La crisi è endogena (nasce dalla dinamica riproduttiva del capitale) e la transizione si gioca tra due superpotenze capitalistiche tra l’una e l’altra sponda del Pacifico. Se ne dovrebbe dedurre che la sinistra europea possa soltanto stare a guardare. Invece, nei due ultimi capitoli, Gianni si interroga sul suo ruolo, indagando compiti e responsabilità. Le responsabilità gravano sulla sinistra moderata, rifluita su posizioni «indistinguibili» da quelle della destra tecnocratica. Alla sinistra «radicale» spetta invece l’onere (e l’onore) di una «innovazione necessaria», capace di riscrivere la «carta d’identità della sinistra». Come? Gianni risponde evocando l’incontro tra il movimento operaio e quello altermondialista e una pratica politica orientata verso obiettivi ambiziosi, a cominciare dalla pace e da uno «statuto mondiale del lavoro», che sancisca l’alleanza tra lavoro e ambiente e promuova la convergenza delle condizioni economiche e sociali tra i vari Paesi.

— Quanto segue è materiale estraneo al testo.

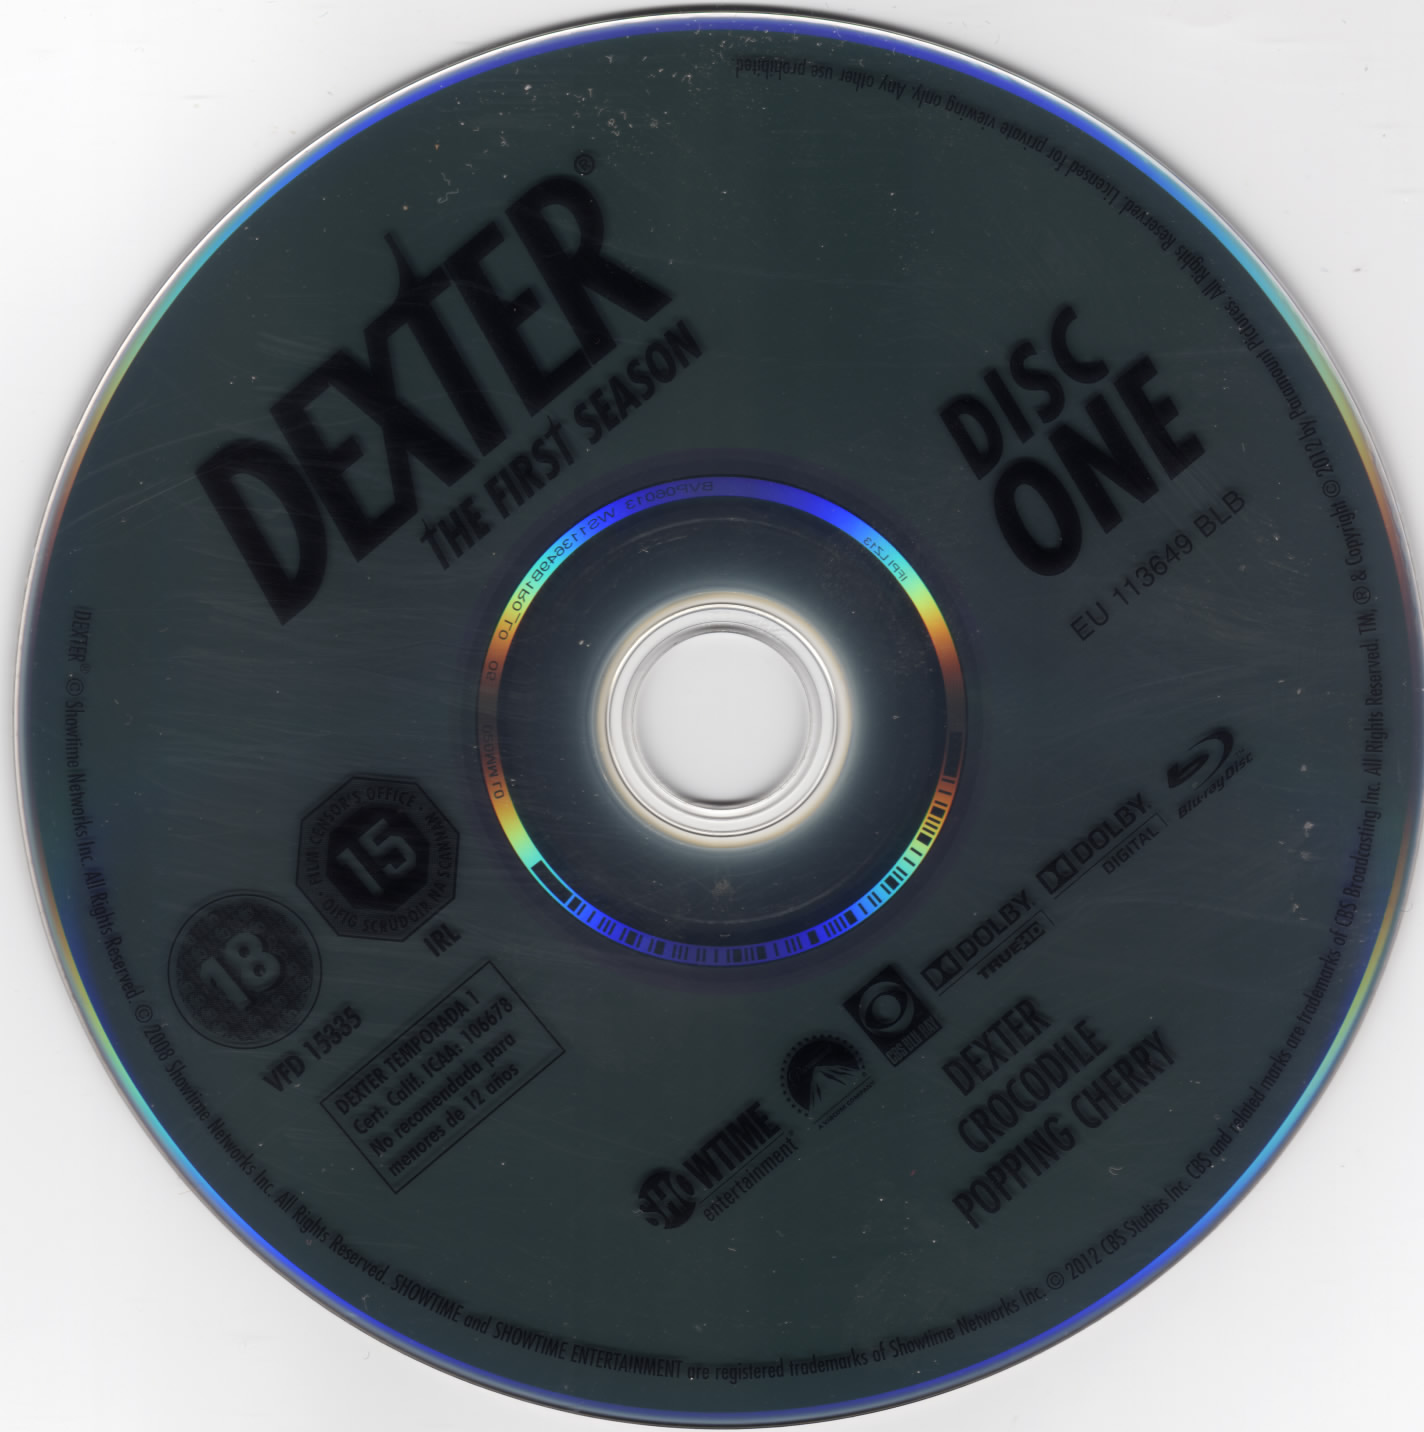 Dexter saison 1 DISC 1 (BLU-RAY)

È uno sforzo di elaborazione apprezzabile, che offre utili spunti di riflessione. Ma restano due nodi irrisolti. Il primo concerne l’impari distribuzione delle responsabilità. Davvero sulla sinistra «radicale» non ne grava alcuna? L’incontro tra i movimenti fu già invocato nelle tesi del V Congresso di Rifondazione comunista: perché non si è verificato? Non sarebbe il caso di interrogarsi anche sui limiti dell’azione del gruppo dirigente del Prc, di cui lo stesso Gianni è stato, sino al Congresso di Chianciano, autorevole esponente?

Un secondo e più rilevante nodo attiene alle condizioni di realizzabilità dei compiti indicati. Contro una politica generale di disarmo, contro uno statuto mondiale del lavoro, contro una riforma democratica dell’Onu, dell’Fmi e dell’Europa di Maastricht militano forze potenti, il blocco di interessi e poteri che ha dominato in questi decenni. Quali sono i contropoteri in grado di opporvisi? Gianni evoca il movimento altermondialista e contro la guerra, ma in questi anni la sua potenza si è dimostrata insufficiente a sovvertire l’attuale sistema di dominio.

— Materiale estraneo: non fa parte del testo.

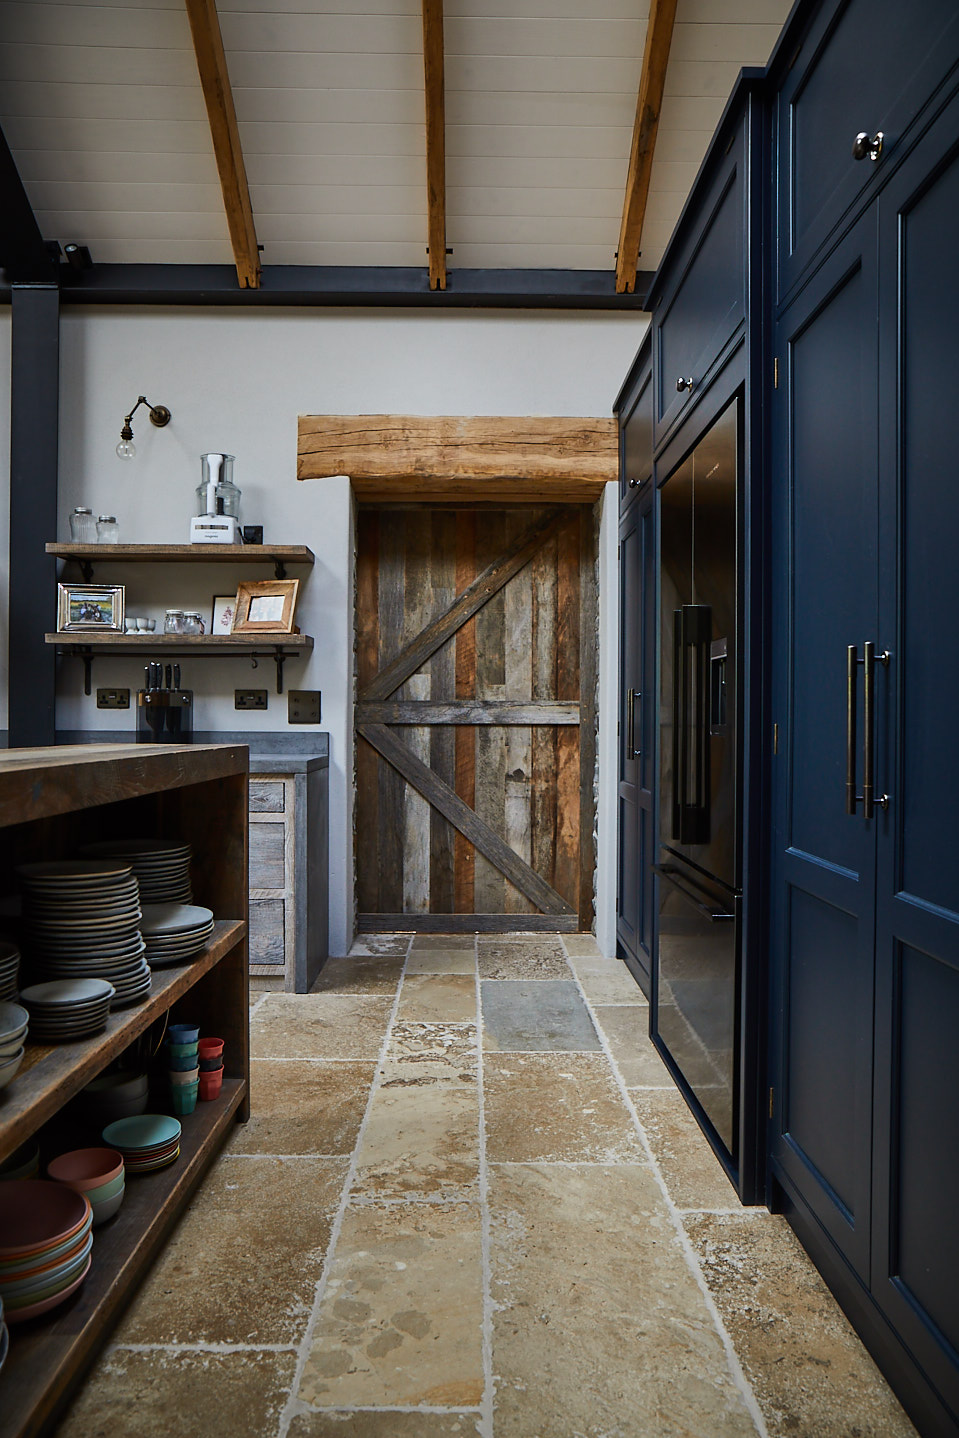 Reclaimed oak sliding barn door next to tall painted dark blue kitchen cabinets

Allora tutto il discorso rischia di inciampare in una impasse. Da un lato si ritiene che la crisi non avvii il tramonto del capitalismo (la «transizione» limitandosi a consegnare l’egemonia a un’altra potenza capitalistica), dall’altro non si rinuncia ad obiettivi rivoluzionari, che vengono affidati a soggetti privi della forza d’urto necessaria a realizzarli. Come se ne esce?

In realtà, Gianni ha ragione nel ritenere quegli obiettivi storicamente maturi, e fa bene a metterli in rilievo. Il punto è che sottovaluta l’alterità tra capitalismo e potenze emergenti (non soltanto la Cina, l’India e la Russia, ma anche gli Stati democratici dell’America latina, ai quali il libro non presta sufficiente attenzione). C’è, nel suo discorso, un tratto economicistico che lo sospinge (a dispetto delle critiche a Negri) verso un apparato ideologico «imperiale» e «ipermovimentista», impedendogli di cogliere il peso delle differenze politiche e culturali. Il mondo non sta sotto il tallone del «capitale globale» e il conflitto tra l’Occidente capitalistico e i Paesi emergenti è un conflitto organico (politico e geopolitico, oltre che economico) che, insieme all’egemonia mondiale, mette in discussione la struttura e il funzionamento dei sistemi di potere, quindi la natura dei processi di riproduzione e i modelli sociali e culturali dominanti. È questa organicità del conflitto globale a porre all’ordine del giorno il tema di una transizione sistemica, che altrimenti sarebbe utopico o addirittura impensabile.